Keywords: CapsNet, Deep learning, Medical image classification, Texture features
Introduction
Cervical Cancer is a prevalent cancer worldwide after colorectal, breast and lung cancers, where this cancer affects predominantly the women all over the world (Ghoneim et al. 2020). As a result, people are not as knowledgeable about the disease, and as a result, lack of awareness and inadequate access to the healthcare related services is a greater challenge. In contrast, developed countries have screening strategies that ensure the ability to reliably and effectively screen for precancerous lesions, which allows for detection and treatment at an earlier stage. According to the strategy of reducing the prevalence of cervical cancer, the best method is to screen and vaccinate in order to lead healthy lives and safeguard all (Deng et al. 2018) (Zhu et al. 2019).
However, the diagnosis at early stages is difficult since the cancer develops without any symptoms and it appears at the later stages that poses the risk of spreading across all regions. Hence, it is very necessary to screen at earlier stages to increase the rate of survival.
Cervical Screening is an effective programmes that tends to reduce the morbidity and mortality associated with the disease (Vijayakumar and Vinothkanna 2020). The successfulness of screening depends on various factors that includes ability to find facilities, the quality of screening tests, and the adequacy of follow-up in addition to early diagnosis and treatment of any lesions found (Li et al. 2020). Screening services for cervical center are underfunded in low and middle-income countries because only a few skilled health workers are available, and the healthcare resources required to maintain screening programmes cannot be sustained (Mobiny et al. 2019) (Pandian 2019).

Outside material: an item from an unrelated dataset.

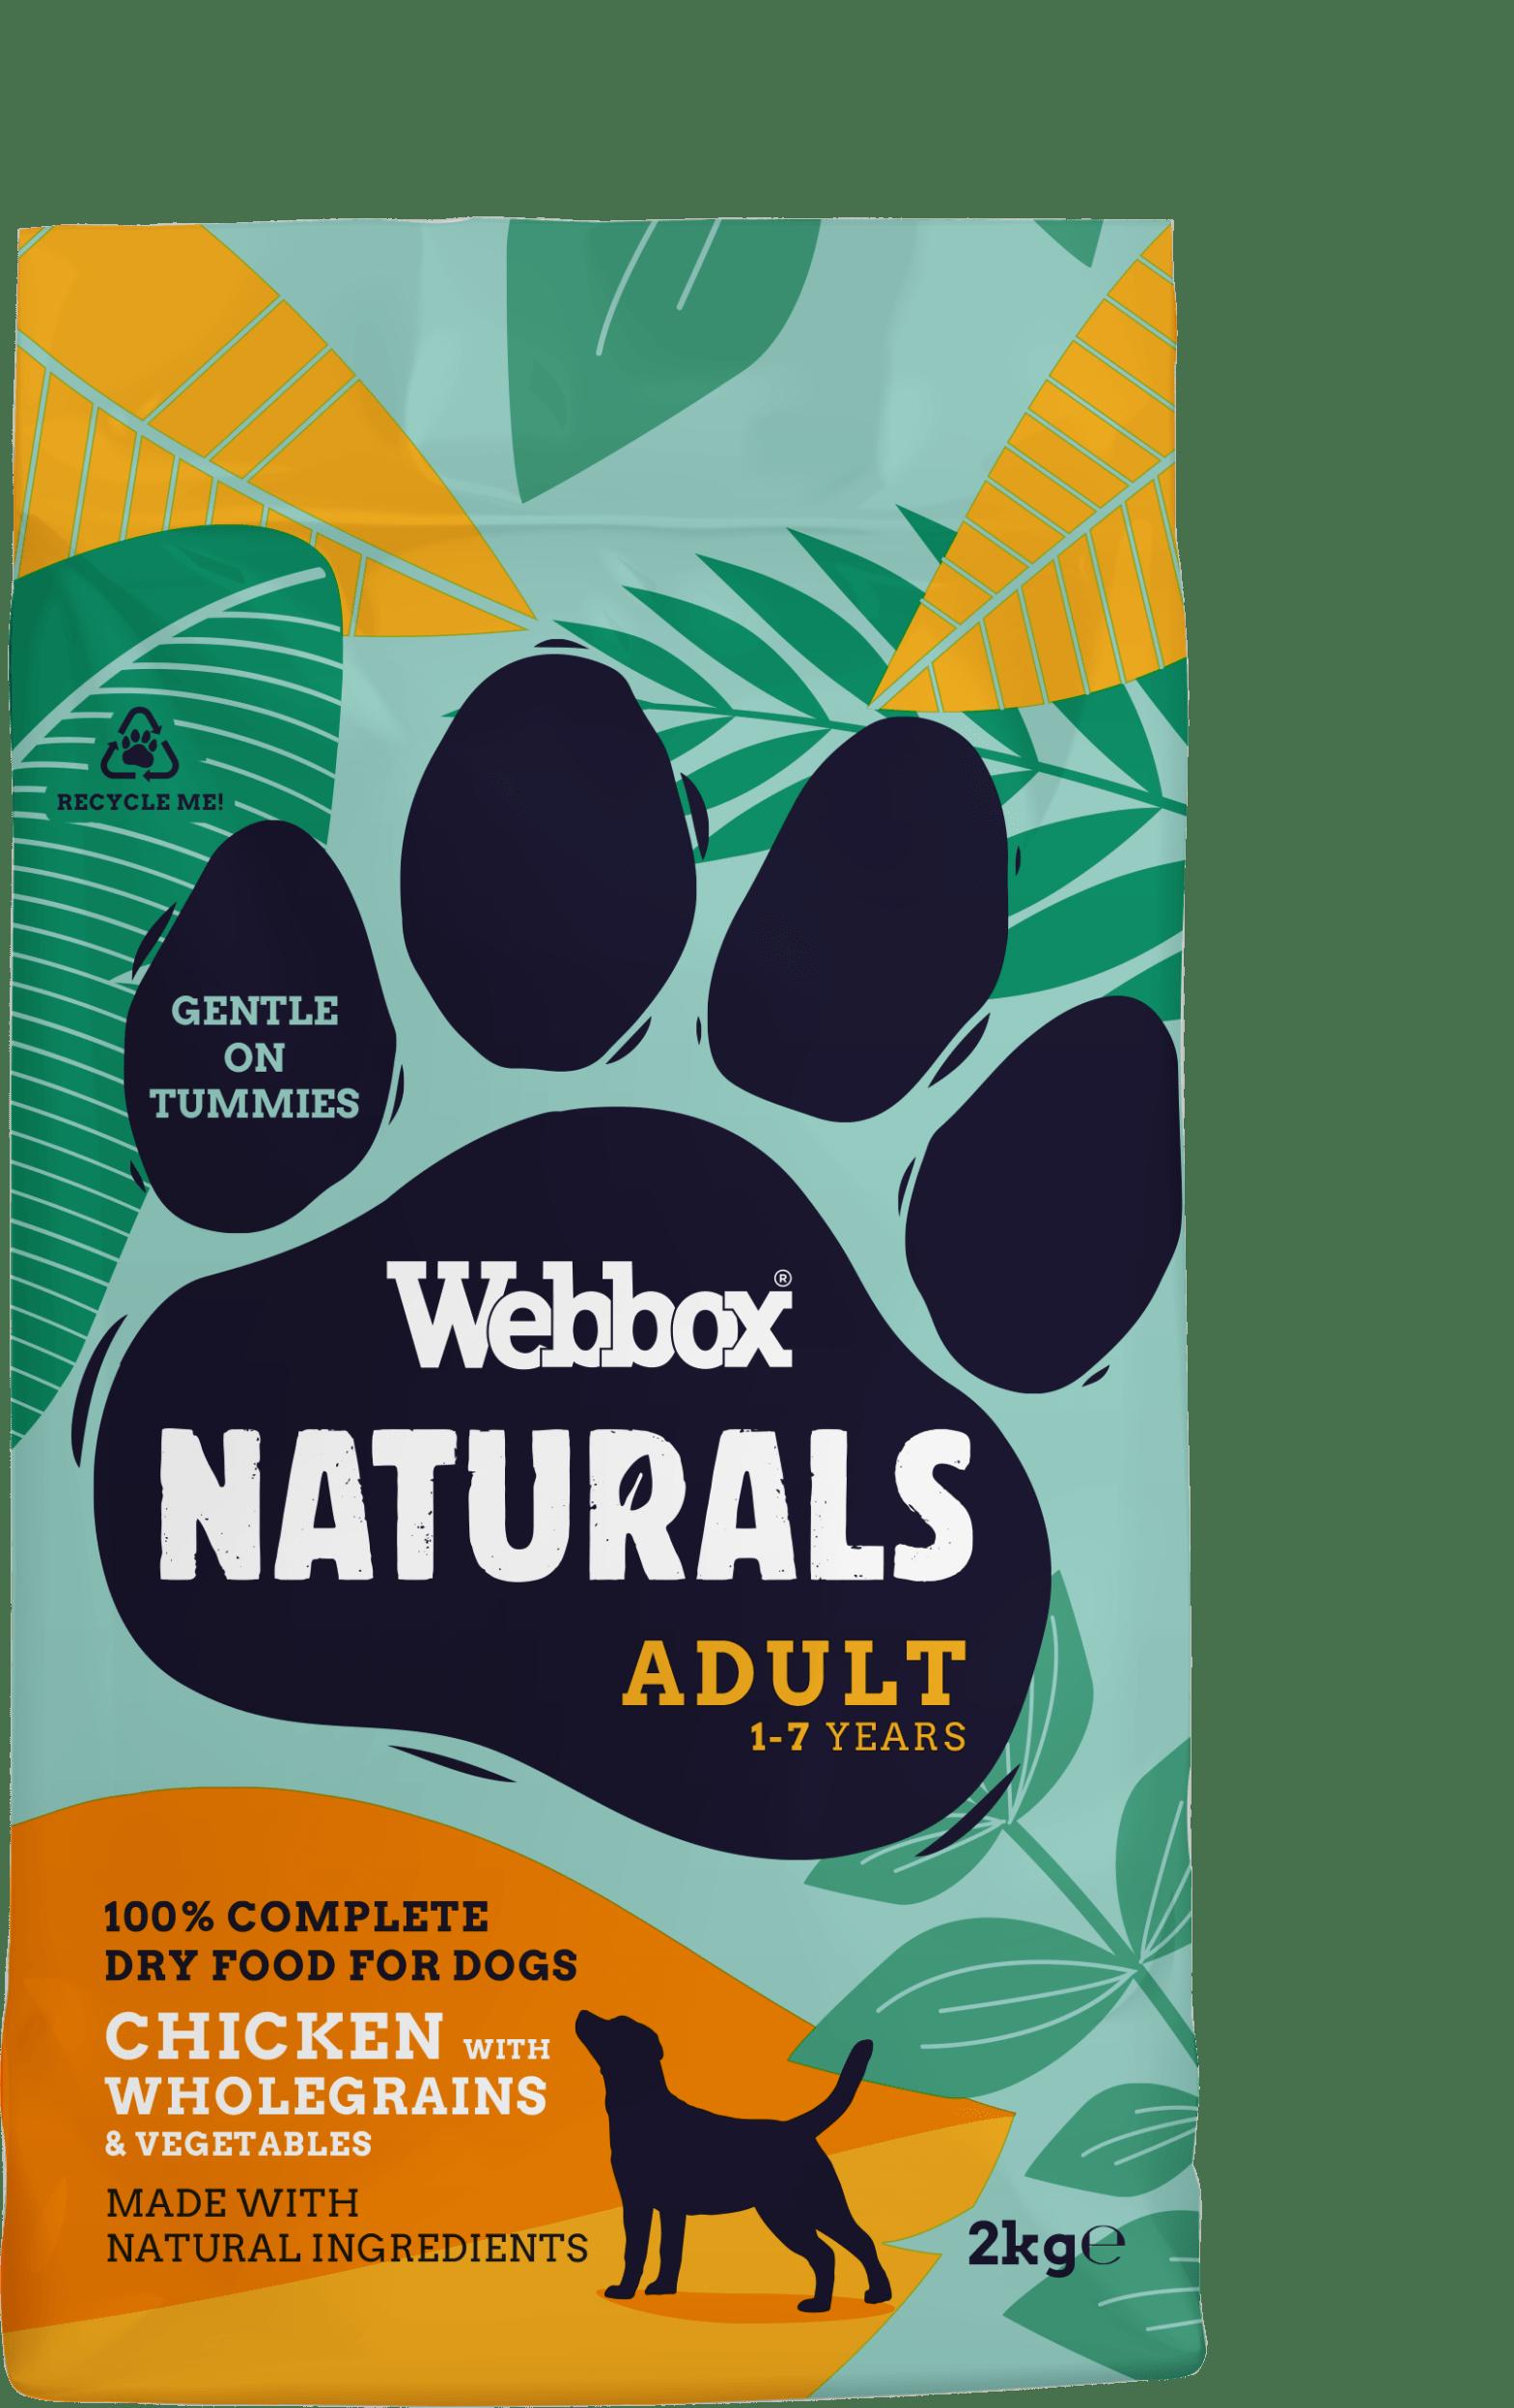 Webbox Naturals Chicken with Wholegrains Dry Dog Food

In recent past, Artificial Intelligence in association with machine learning plays a major part in classification of disease instances in healthcare industry. The ratio of disease prevalence gets increasing and hence machine learning resolves the optimization problem in classification process associated with disease diagnosis.
This study aims to adapt the Convolutional Neural Network (CNN) network to classify medical images in order to predict stages of cervical cancer. CNN has been demonstrated extremely fruitful in image classification problems. Fundamentally CNN improved performance in classifying many image databases such as MNIST and CIFAR10. It has been proving in learning the structures from an image. Most objects with such structures constructs complex features from local features including curves and edges.

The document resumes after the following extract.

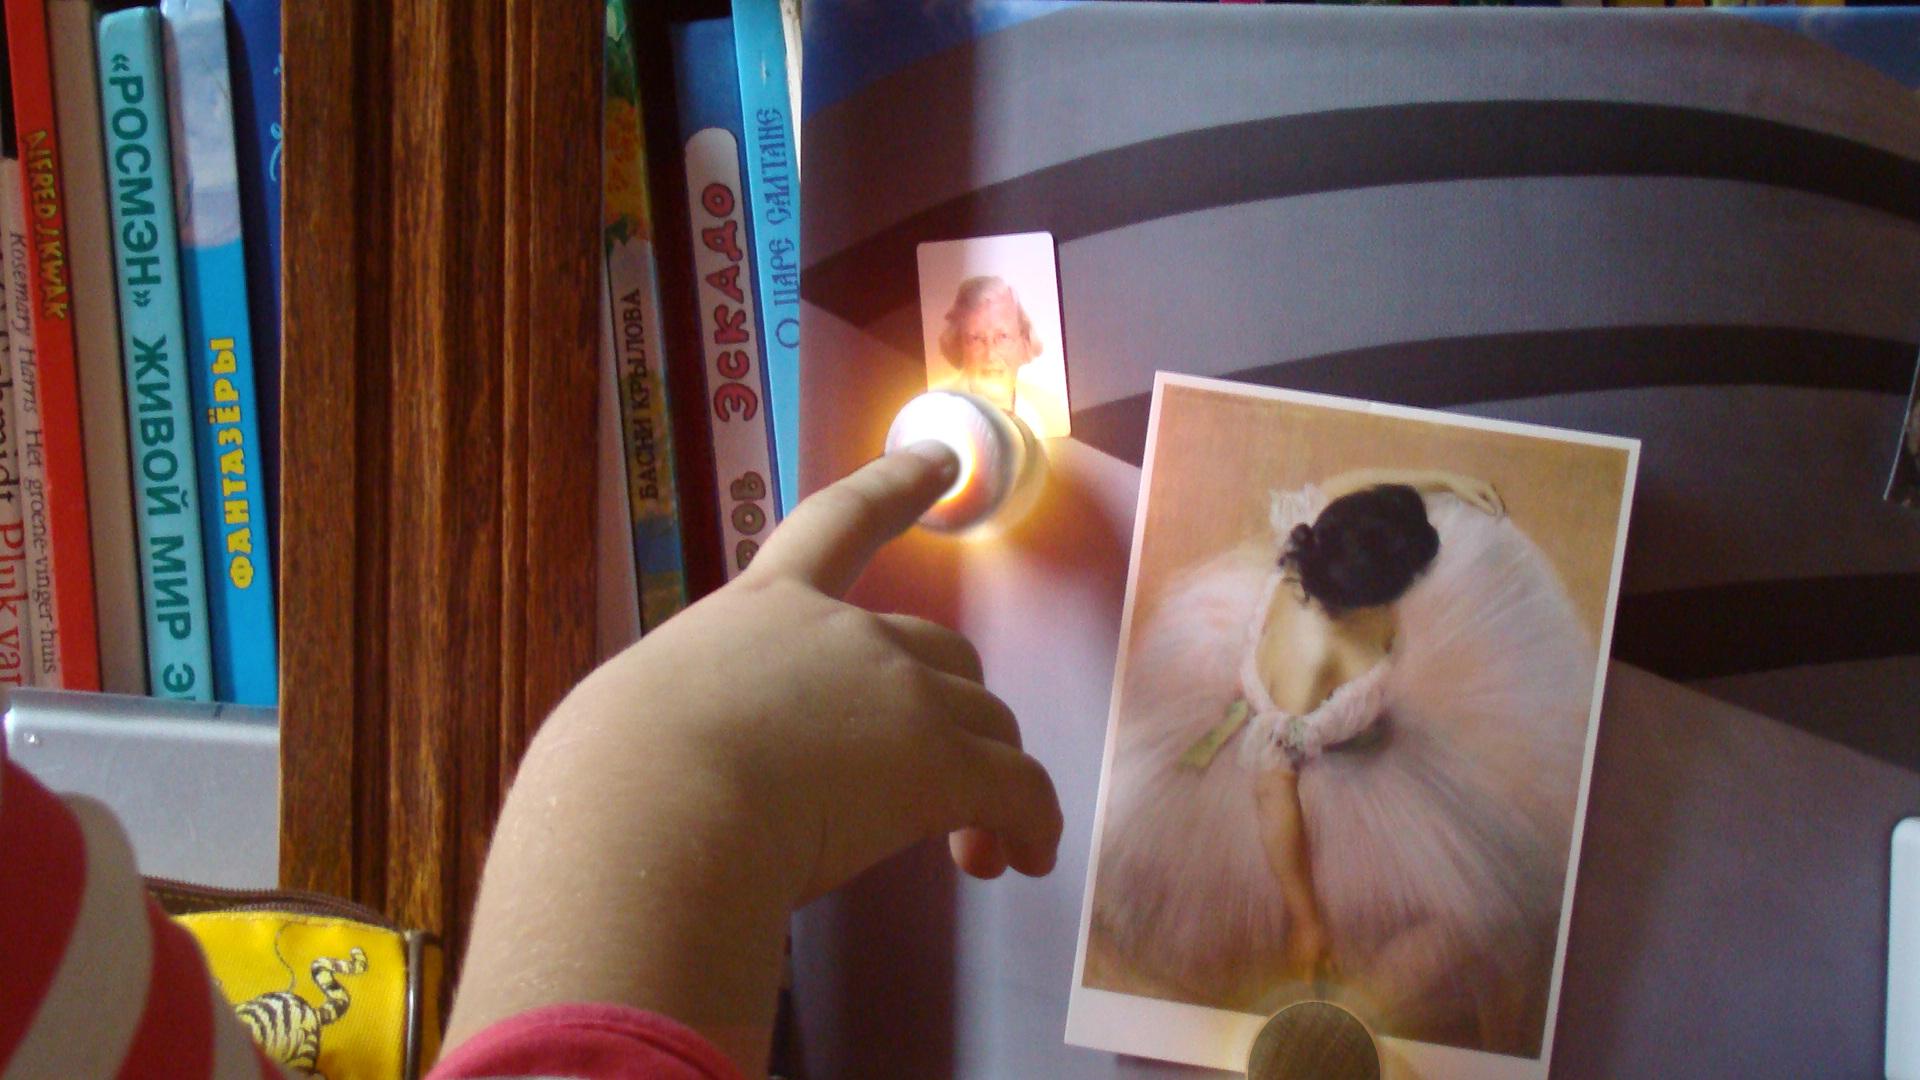 14 Kleinkind raakt Thinkey van oma aan, met licht 2

Recently, CapsNet has also been incorporated into medical imaging analysis, such as brain tumor segmentation (Goceri 2020), cancer screening (Mobiny and Nguyen 2018), diagnosis (Yadav and Jadhav 2019), segmentation (Bonheur et al. 2019), and many more. The conventional models observe that medical images can be classified using CapsNet and perform well on such data. Now a days deep networks are popular and achieving high accuracy in image classification and image recognition. Adding many layers with different combinations has come up with significant improvement in performance.
In this paper, a customized CNN-CapsNet is built to adapt a multi-class image classification problem and resolves the classification problem associated with cervical cancer MR images. The paper is organized as follows. Literature survey is briefed in Sect. Two . The methodology ant training of the model is described in Sect. Three. Section Four provides the evaluation of CNN-CapsNet in case of classification. The conclusion is given in Sect. five
Literature survey
Medical image classification of the cancerous and normal cells is a very important process in deciding the right treatment at the right time. Many publications are devoted to the classification of an object using CapsNet in the literature.

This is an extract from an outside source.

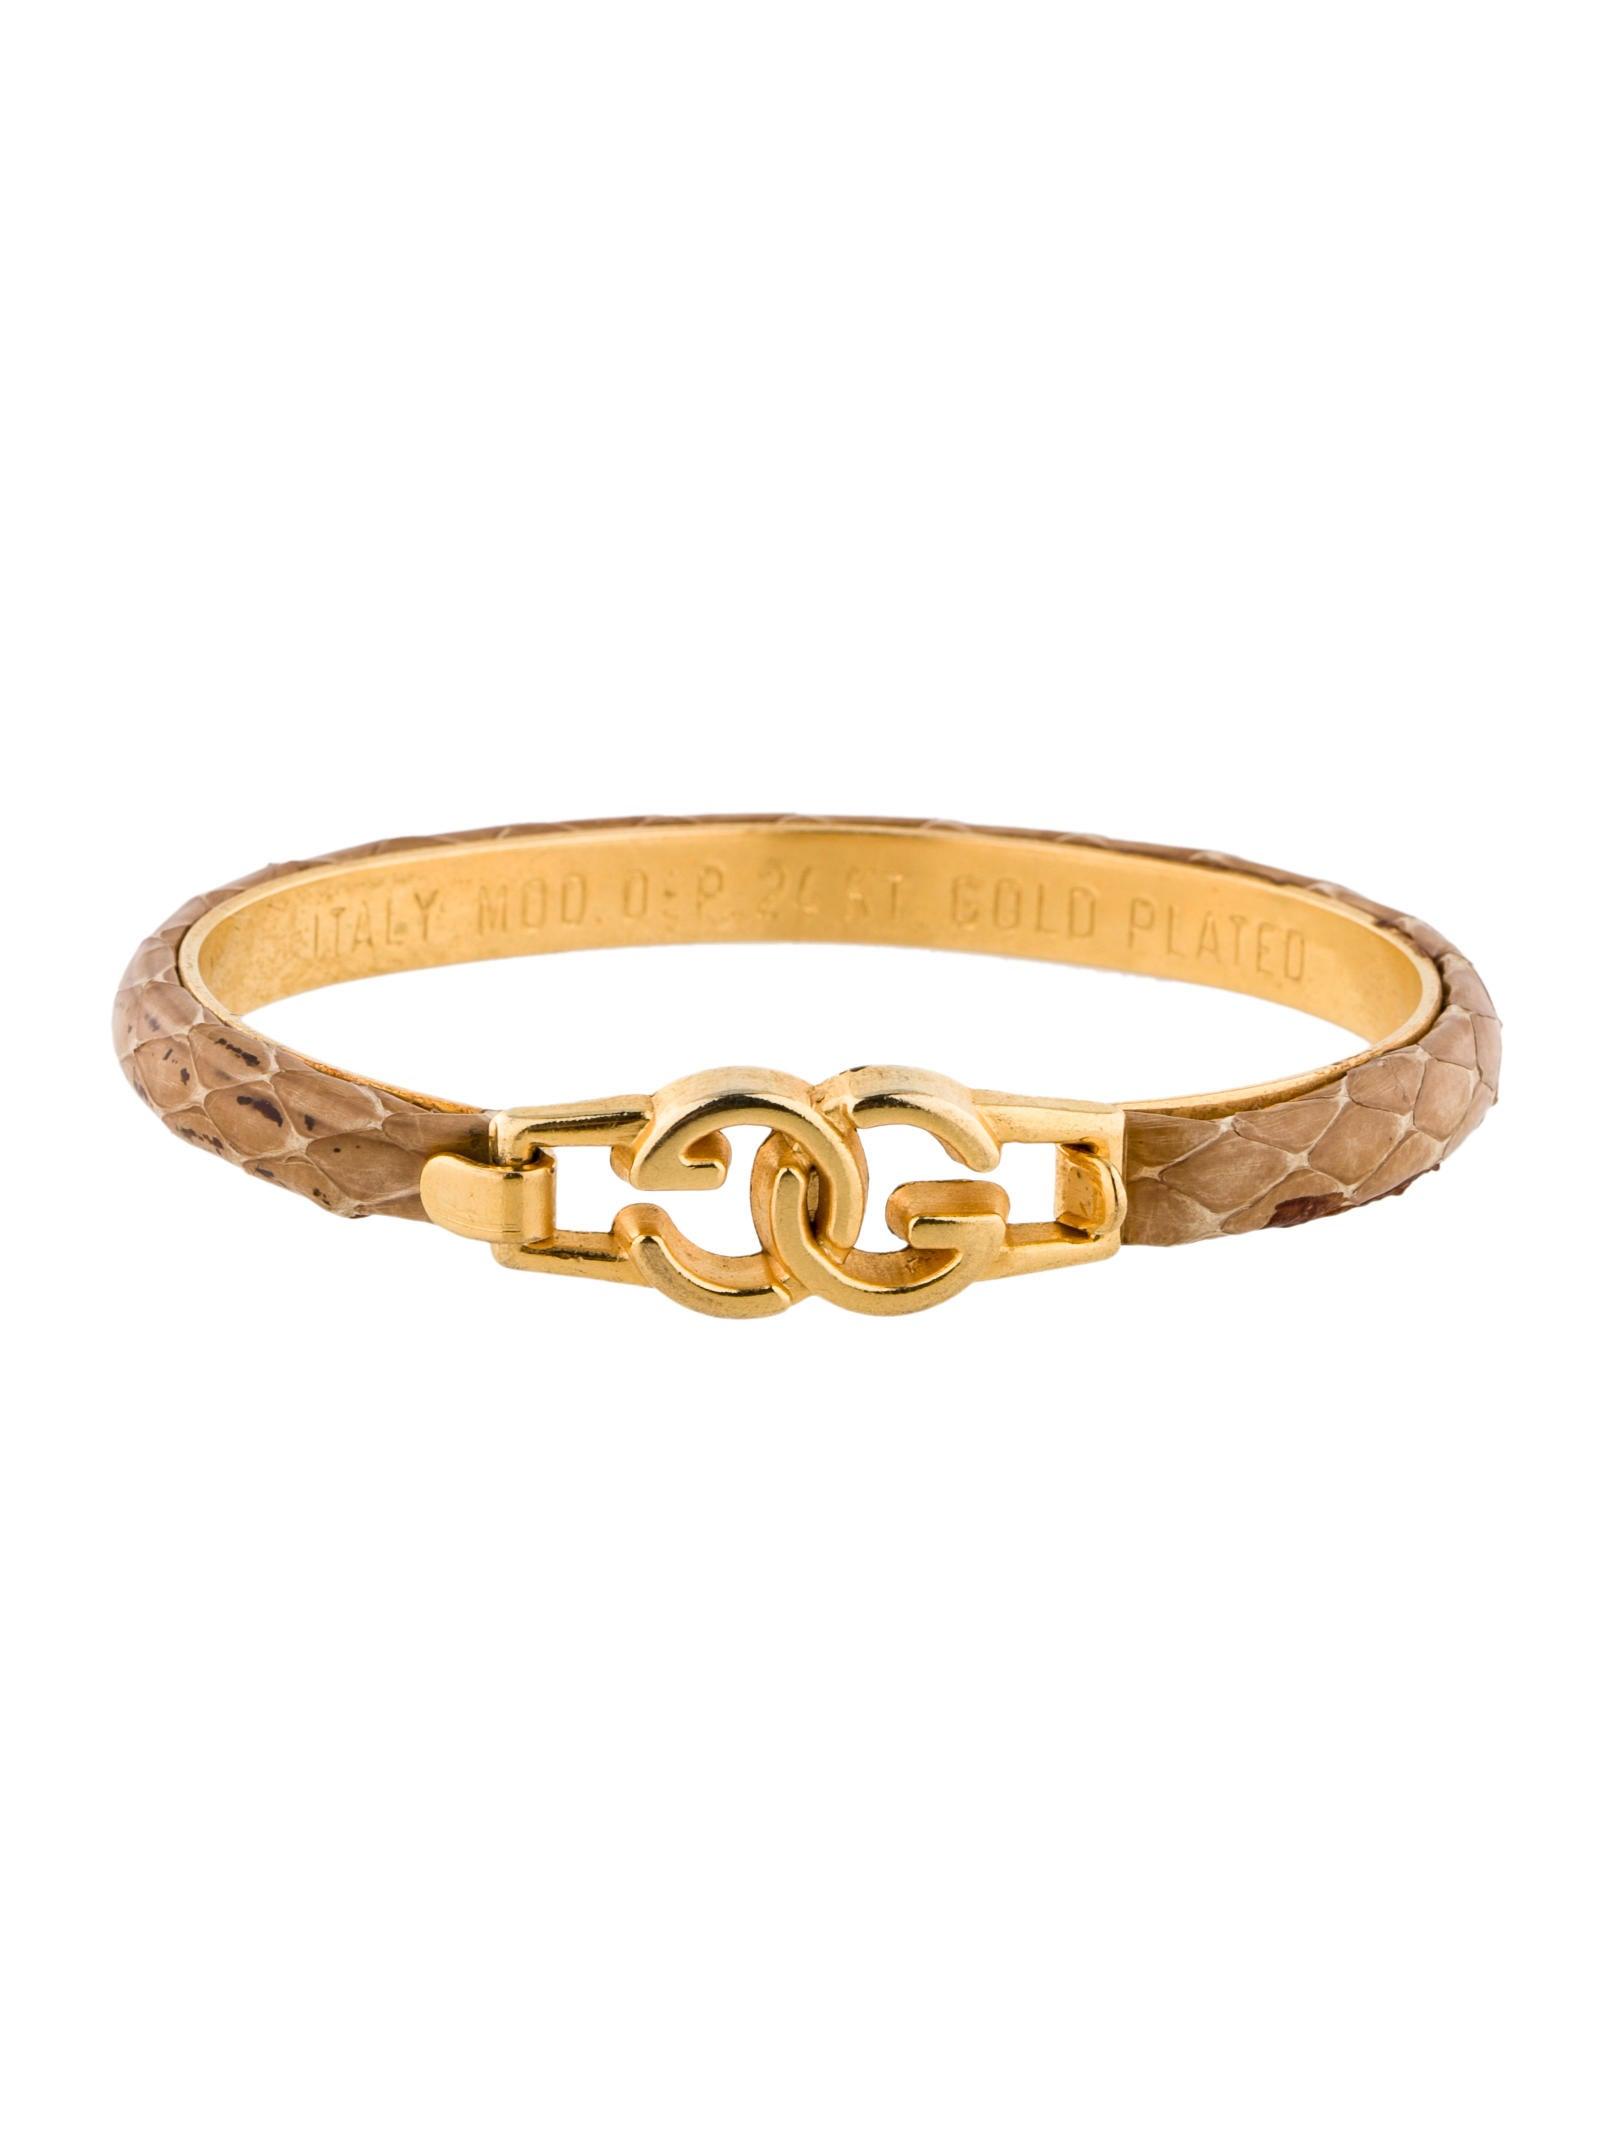 c28056bdf Gucci Snakeskin Bracelet - Bracelets - GUC56873 | The RealReal

Xiang et al. (2021) offers a CNN-based tumor classification with a 3-D Res-CapsNet model, where the input image dataset is a breast ultrasound one. This model uses residual block and group normalization in order to achieve higher accuracy.
Lin et al. (2021) proposed a CapsNet with scale invariant feature transform for boosting representability. The hyperparameter setting, customized structure, and dynamic routing are discussed for the purpose of classification.
A methodology called CapsNets was created by the group of researchers consisting of Deng et al. (2018) in order to increase the classification accuracy with limited samples. This analysis is of further assistance in understanding CNN and CapsNet architectures as similar paradigms of network design. Following this, the data was scrutinised and debated in the presence of uncertainty analysis and probability maps.
Conv-Capsule was developed by the Zhu et al. (2019) group who added full, local connections with transform matrices. While training a convolutional network tends to exaggerate its network performance, an earlier study suggests that the reduction in trainable parameters in Conv-Capsule could mitigate overfitting with available training samples.
To ensure the classification quality of the font styles, Vijayakumar and Vinothkanna (2020) imposed the CapsNet algorithm. This proposed method has been found to be accurate when it classifies fonts. The alphabet and character spacing and the results of the performance evaluation, which looks at these factors are made public.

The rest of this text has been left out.